Dan Navarro started his career as a songwriter, most often with Eric Lowen, for artists as diverse as Pat Benatar (the Grammy-nominated We Belong) , The Bangles, Jackson Browne, Keb Mo, Dave Edmunds, The Temptations, Dionne Warwick, Dutch superstar Marco Borsato, The Triplets, Austin outlaw legend Rusty Weir and many more…
Farm Hangout and Potluck Picnic
With Slow Food and Suzie’s Farm
Sunday, September 11, 10am-2pm
2570 Sunset Ave (Nr the Border)
Info & Updates
Join Slow Food Urban SD for our 2nd Annual Potluck Picnic – we’ll be on Suzie’s Farm this time! Bring a picnic and hang out with Slow Food friends on the picaresque Suzie’s Farm. Yoga, farm tour and harvest totes are optional!
10-11AM: Yoga with Maria – suggested donation, BYOYM (bring your own yoga mat)
11AM – 2PM Potluck Picnic – bring a picnic lunch and/or something to share and hang out with us.
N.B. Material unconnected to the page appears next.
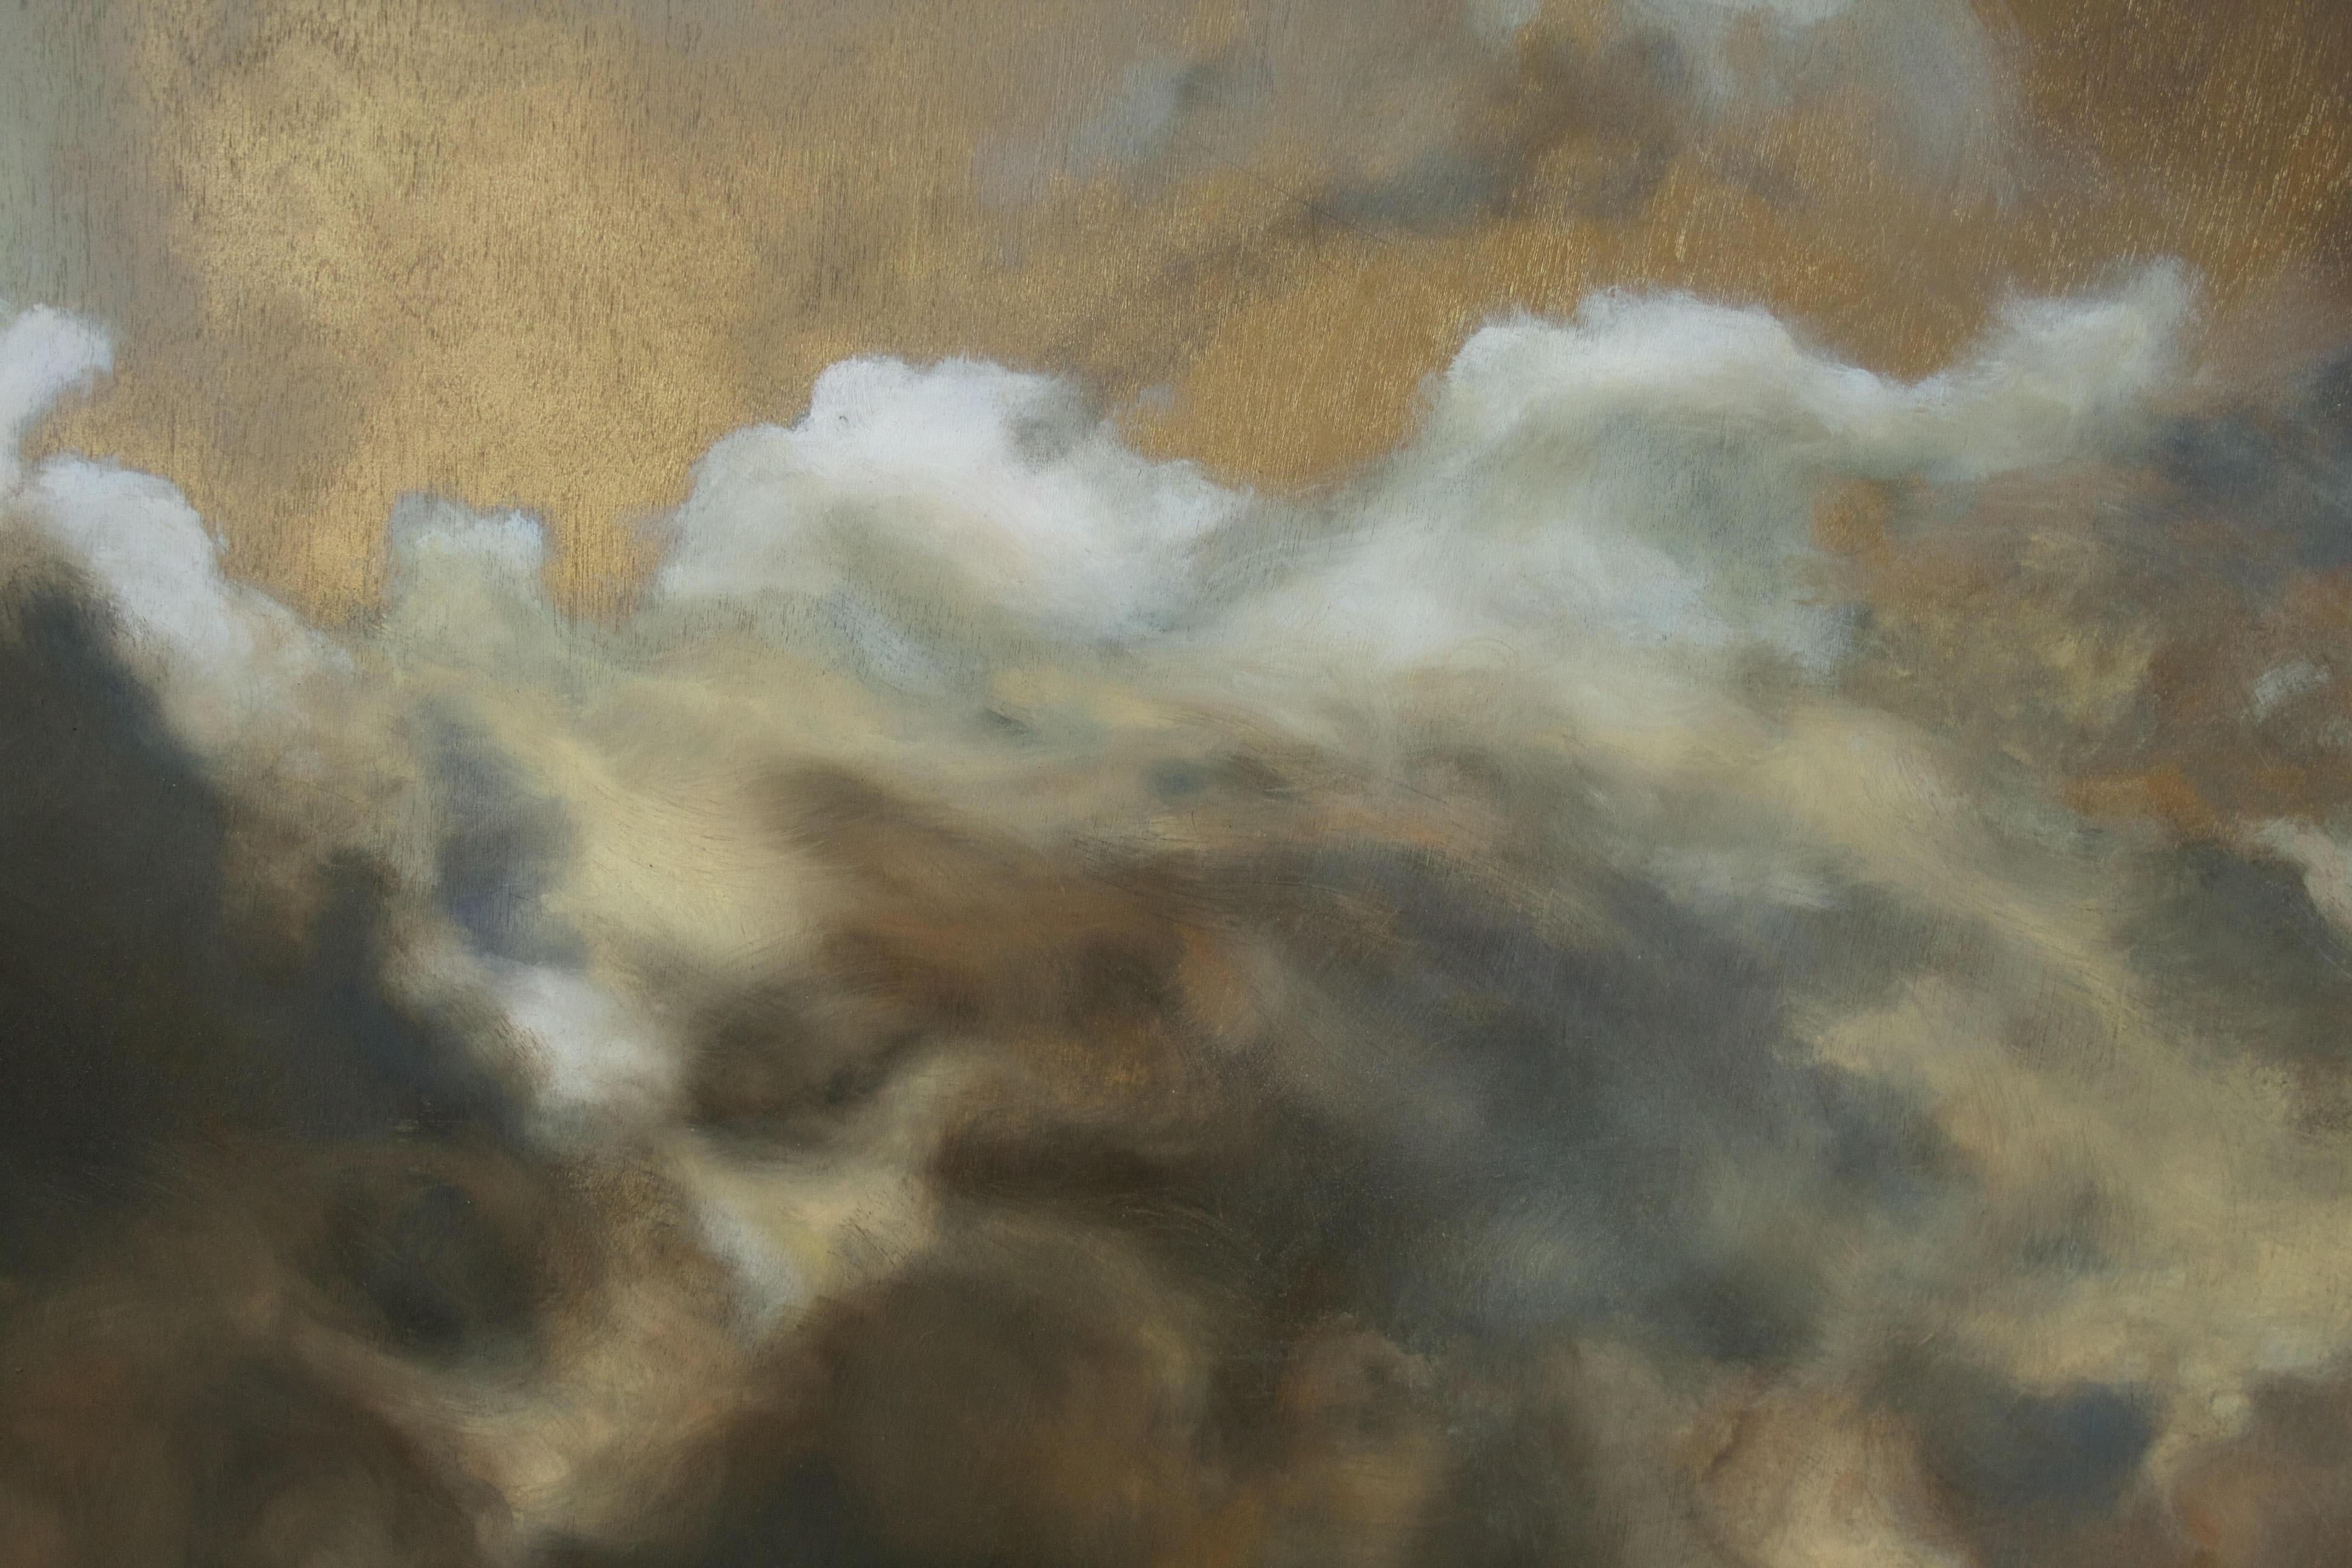 Sky 48 - Painting by James Van Fossan

12:30-2PM: Farm Tour & Harvest
$25 Harvest Tote Package available for purchase – includes tour admission, SFUSD tote bag and the produce to fill up your entire bag! Plus some Slow Food snacks.
Women of Substance Showcase
Women of Substance Radio presents their Showcase featuring San Diego’s Finest Women Singer-Songwriters: Randi Driscoll, Lisa Sanders, Sara Petite, M.E Law and Donna Larsen. $12.50 IN ADVANCE $15 at the Door
On This Day: 1666 – The Great Fire of London broke out. The fire burned for three days destroying 10,000 buildings including St. Paul’s Cathedral. Only 6 people were killed. 1921 – Mineowners bomb West Virginia strikers by plane, using homemade bombs filled with nails and metal fragments. The bombs missed their targets or failed to explode. 1963 – The integration of Tuskegee High School was prevented by state troopers assigned by Alabama Gov. George Wallace. Wallace had the building surrounded by state troopers.